Records for processing:
[Start of section]
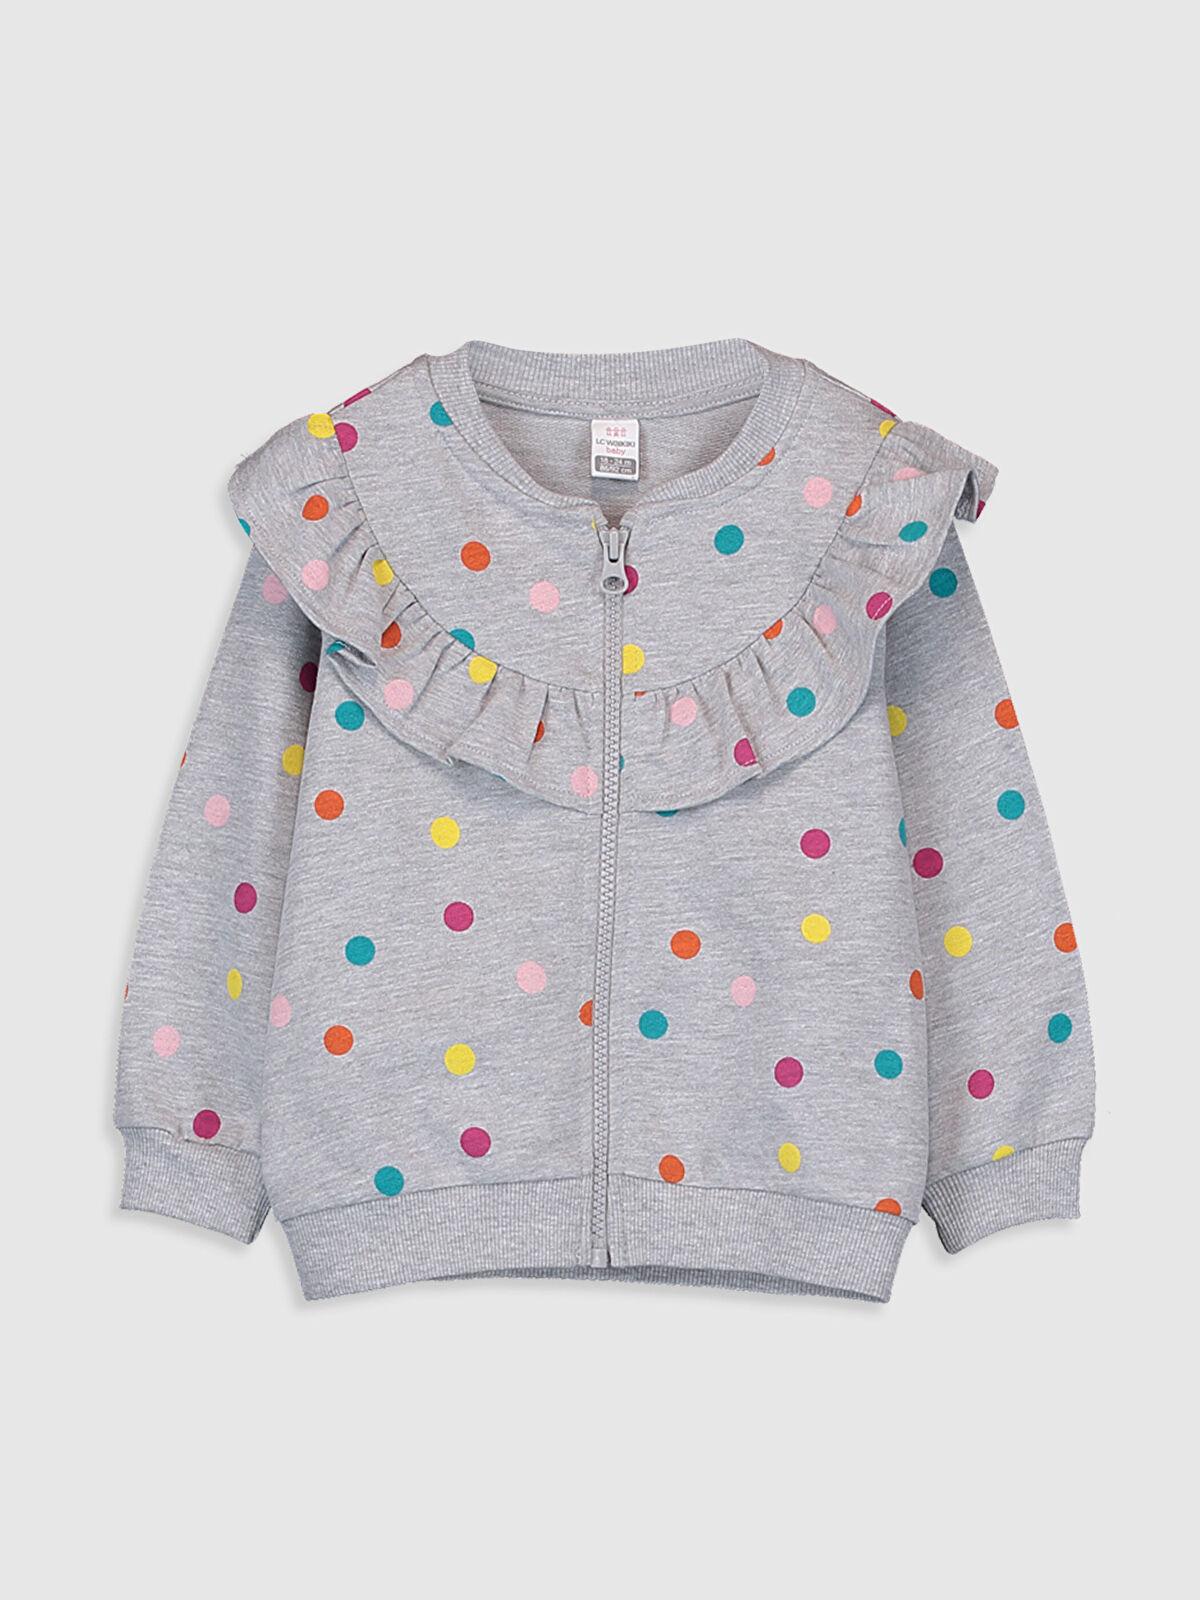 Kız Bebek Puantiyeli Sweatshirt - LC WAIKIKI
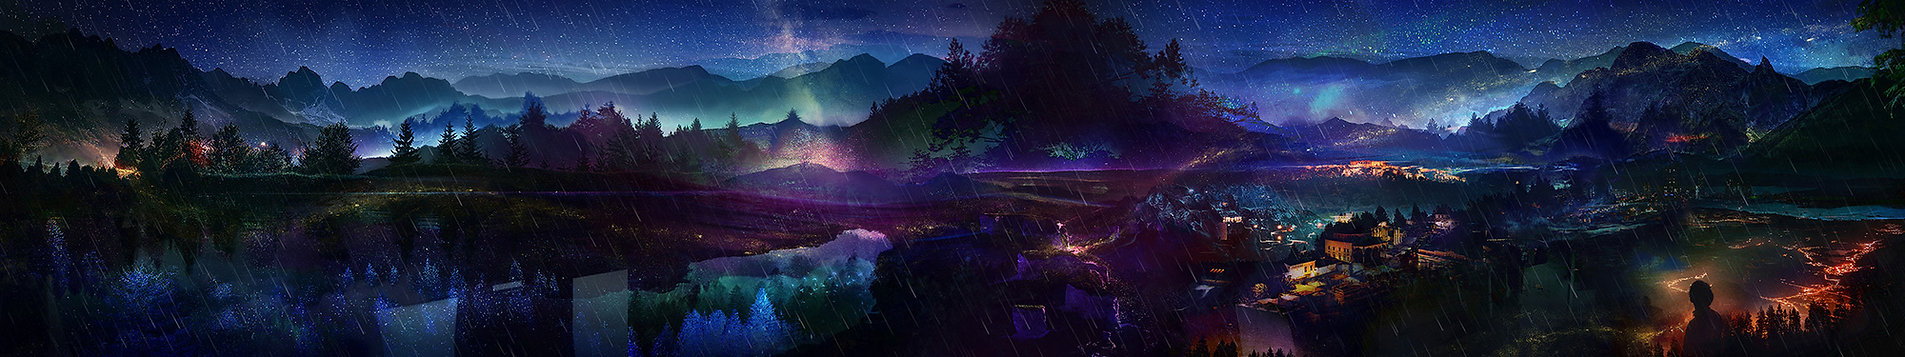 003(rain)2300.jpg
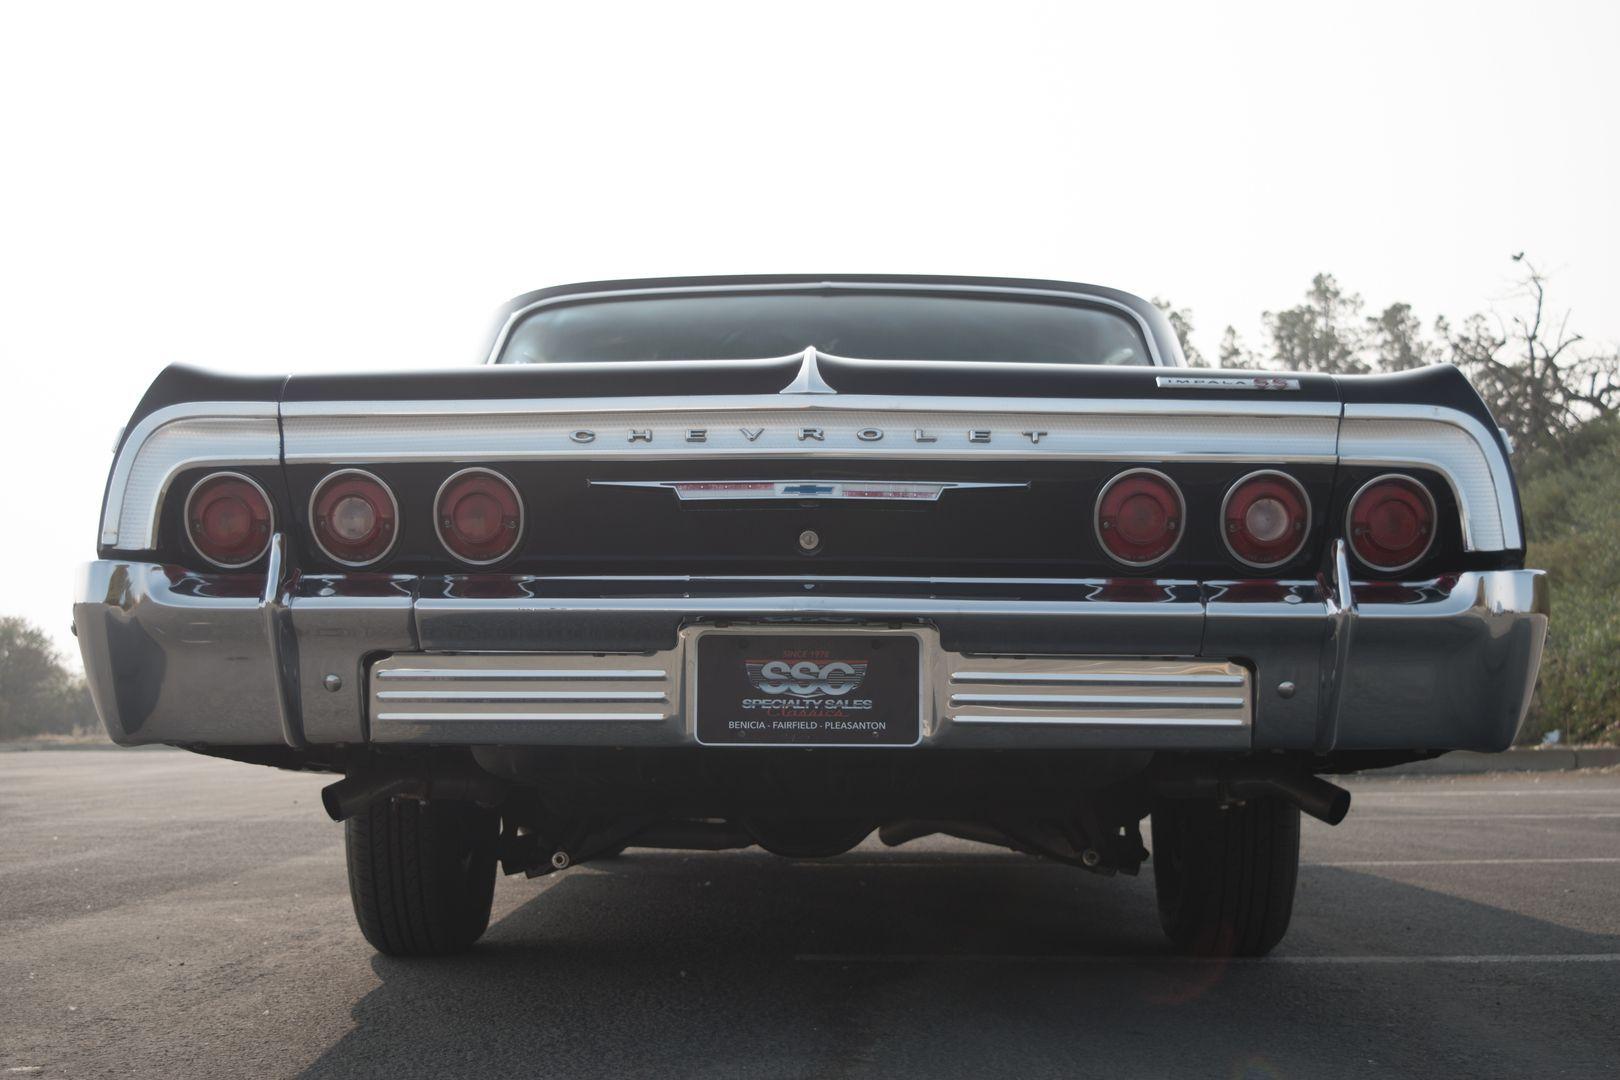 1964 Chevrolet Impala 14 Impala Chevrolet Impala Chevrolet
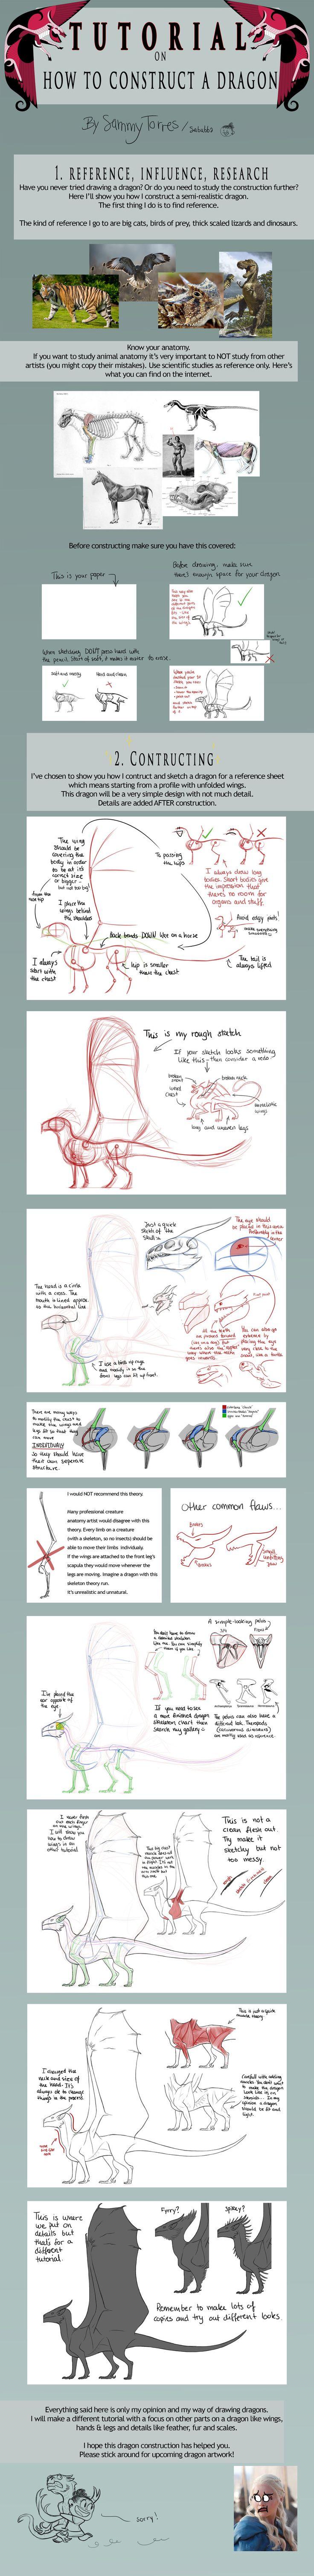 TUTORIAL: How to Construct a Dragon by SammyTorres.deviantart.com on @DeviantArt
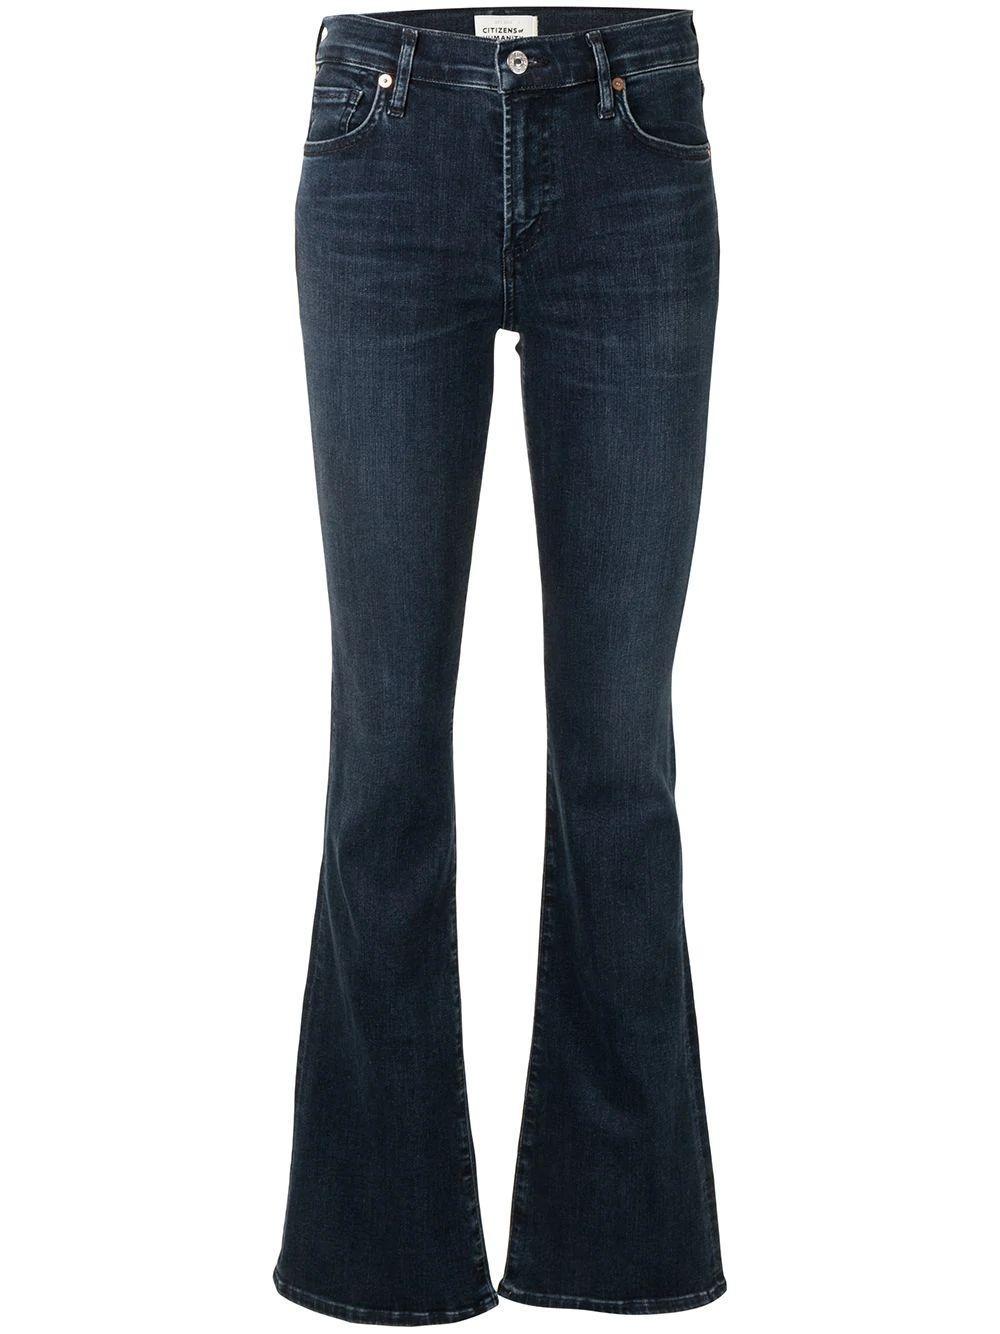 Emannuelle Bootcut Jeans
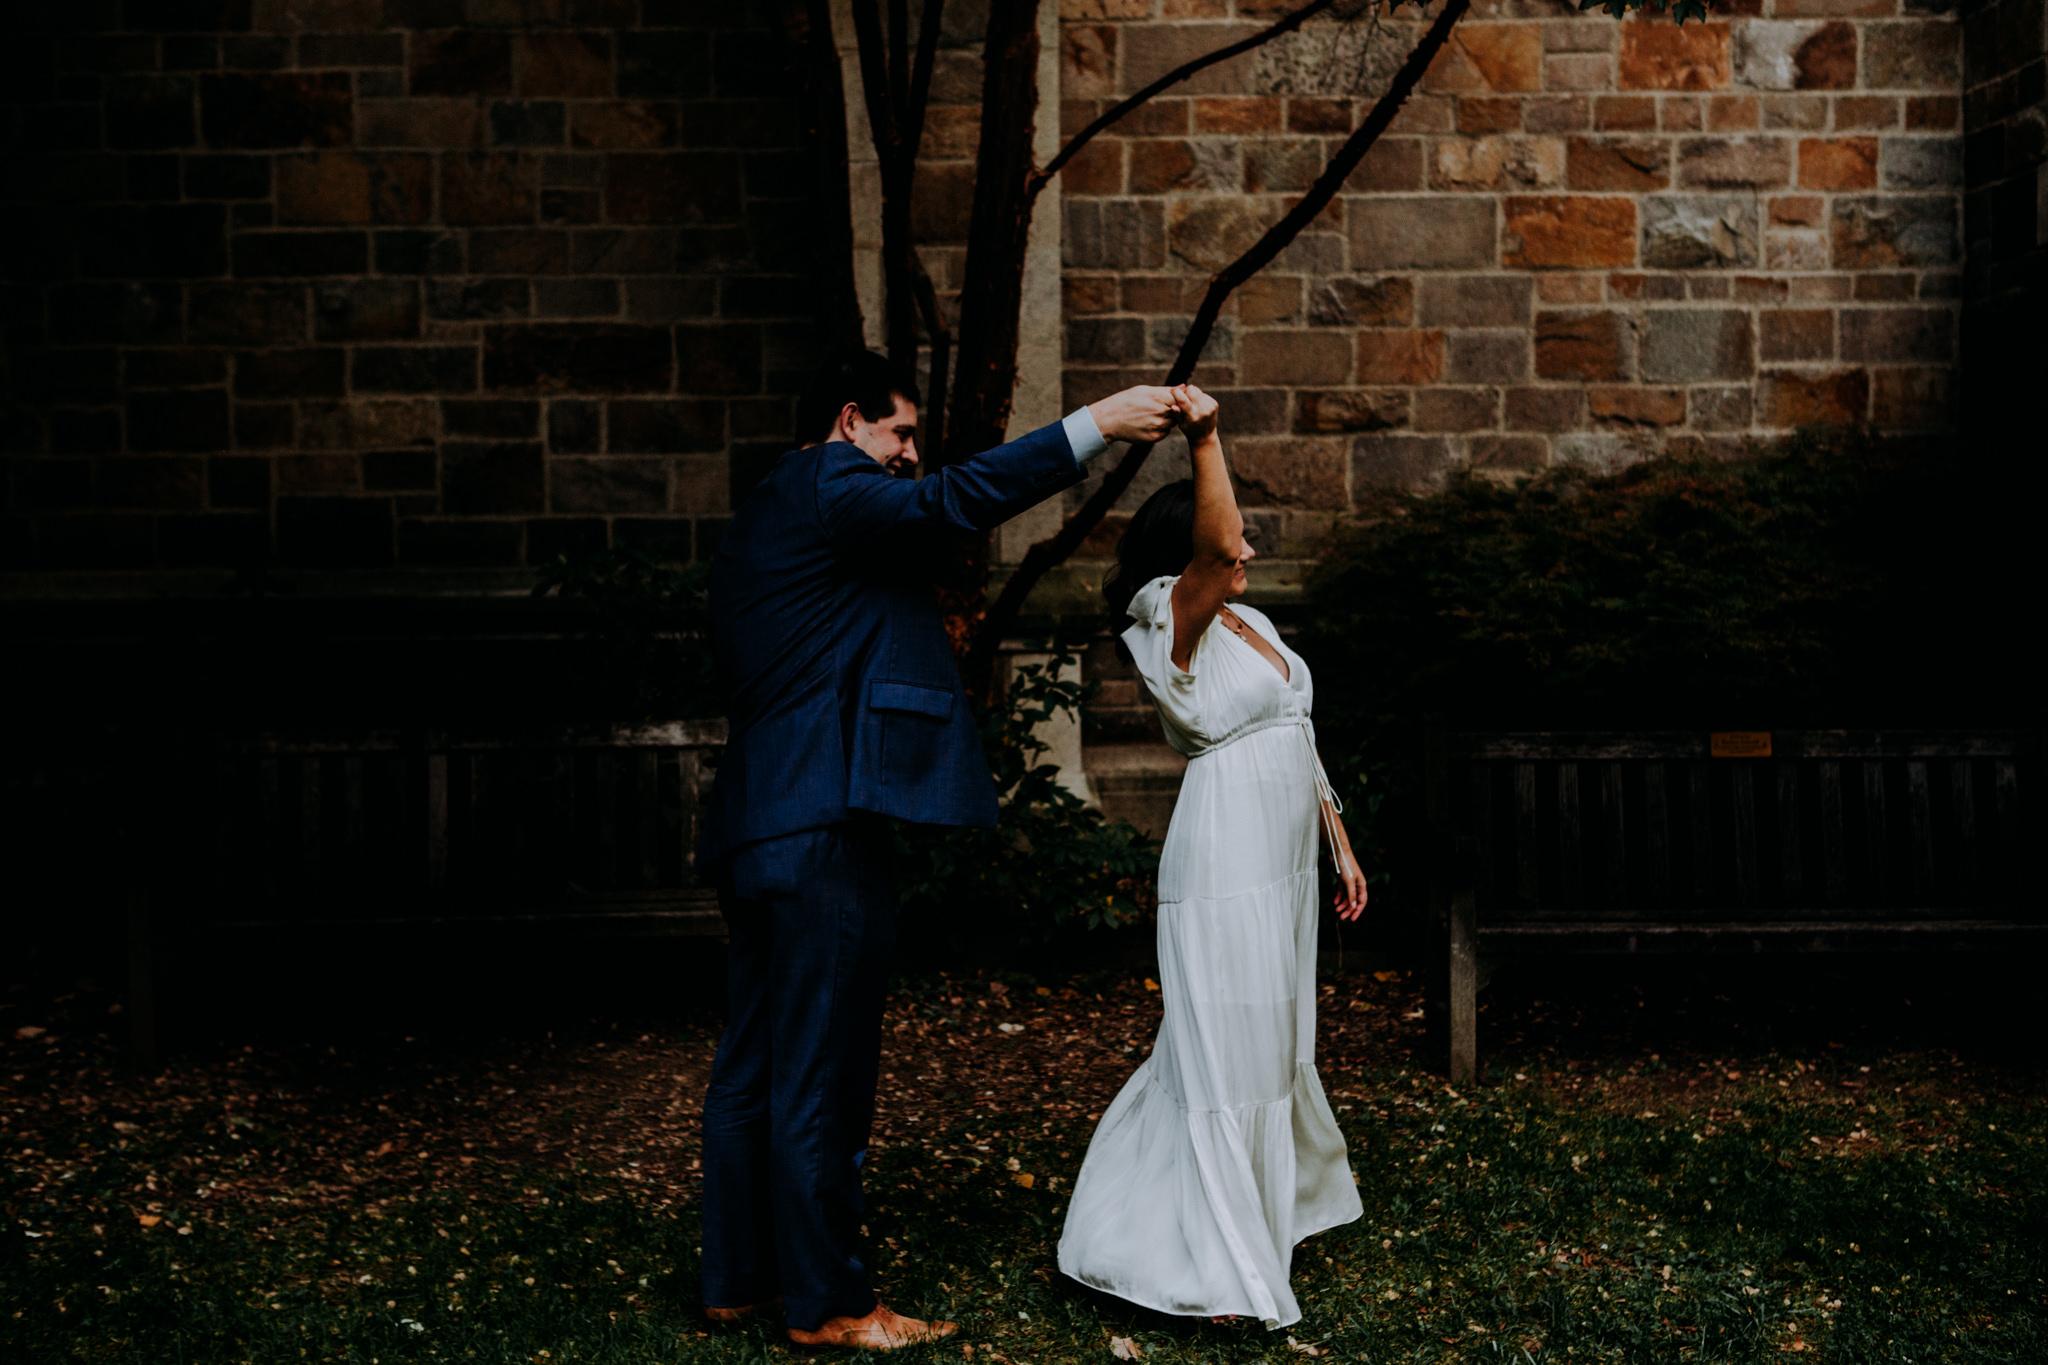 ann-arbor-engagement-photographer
[End of section]
Exercise:
Starting at the line that contains "1964 Chevrolet Impala", transcribe every line through the end of the listing exactly, including both end lines and excluding pictures.

Final answer:
 1964 Chevrolet Impala 14 Impala Chevrolet Impala Chevrolet
 TUTORIAL: How to Construct a Dragon by SammyTorres.deviantart.com on @DeviantArt
 Emannuelle Bootcut Jeans
 ann-arbor-engagement-photographer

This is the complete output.